The next step should begin by making any corrections to prior filed forms and submitting those corrections to the IRS. This will leave you in a place of assessing the true penalties you are faced with under 4980H (A) and 4980H (B).

At this point, it is critical that you fully analyze the various transitional relief options to prevent these penalties from being applied. Transitional relief items can be incredibly complex and confusing, and proper application requires in-depth knowledge of many areas of the Affordable Care Act and all ACA reporting areas.
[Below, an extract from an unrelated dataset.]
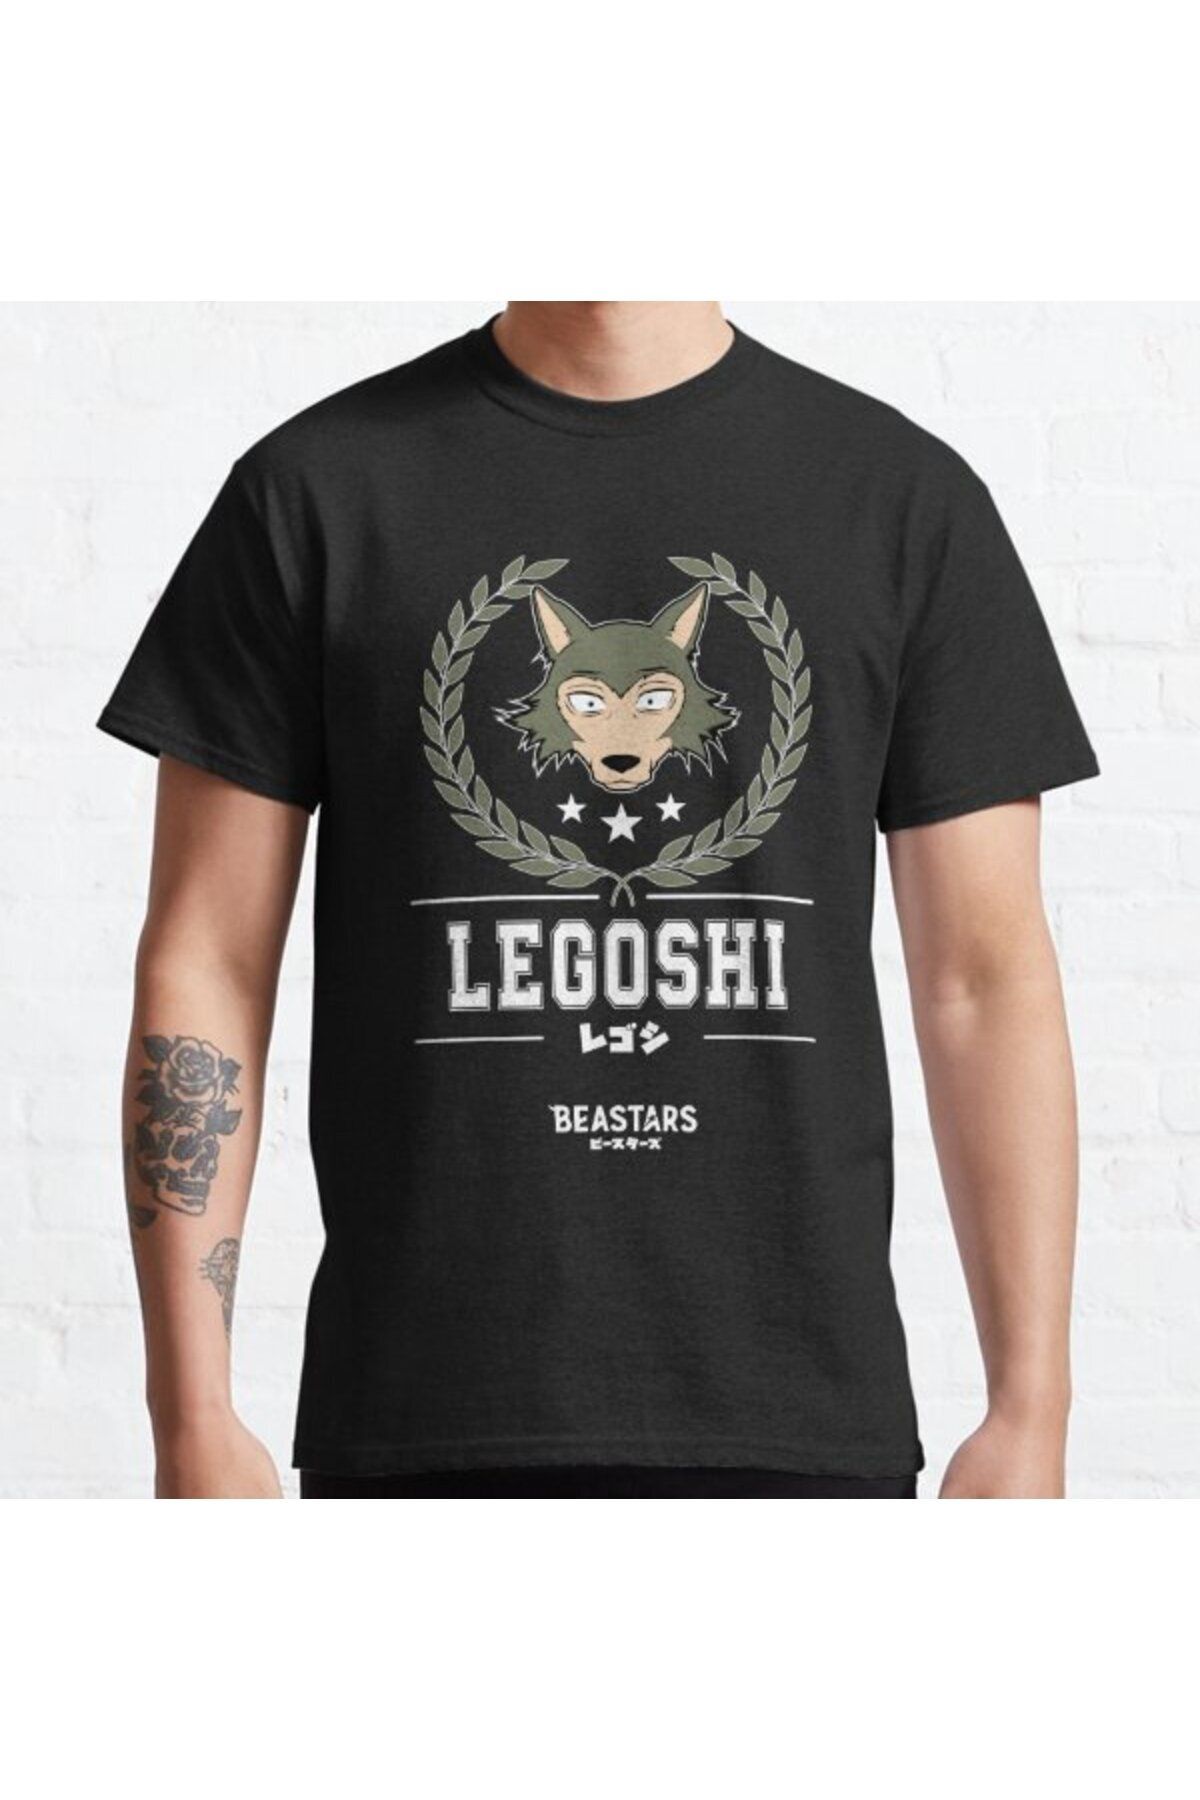 ZOKAWEAR Bol Kalıp Beastars: Team Legoshi Tasarım Baskılı T-shirt

Once you have reviewed your reporting, and analysed your options, you are now ready to respond to the IRS. Depending upon the severity of your outstanding issues, it could make sense at this point to also involved an enrolled agent who specializes in this area. Be aware, there are very few attorneys, CPAs or other tax professionals who specialize in ACA reporting.

Can you run the risk of non-compliance? Are you confident you or your ACA reporting vendor have the expertise on staff to manage the data and prepare the reports? If not, here are a few parting tips:

  1. Determine ALE Status: Ensure that you have written proof – which includes counsel – that determines whether or not you are an applicable large employer, as calculations made from head counts may be erroneous and risk non-compliance.
  2. Get Started: Organizations must distribute statements by Jan. 31, 2018 and submit files to IRS by March 31, 2018. As a result, it is important to start this process as early as possible so that you do not have to scramble at year-end.
  3. Get Help: Consider hiring ACA consultants who have a breadth of experience with taxation rules and regulations and are not exclusively an ACA reporting vendor. The investment is worth your time and money since it can reduce the risk of being non-compliant or incurring a penalties.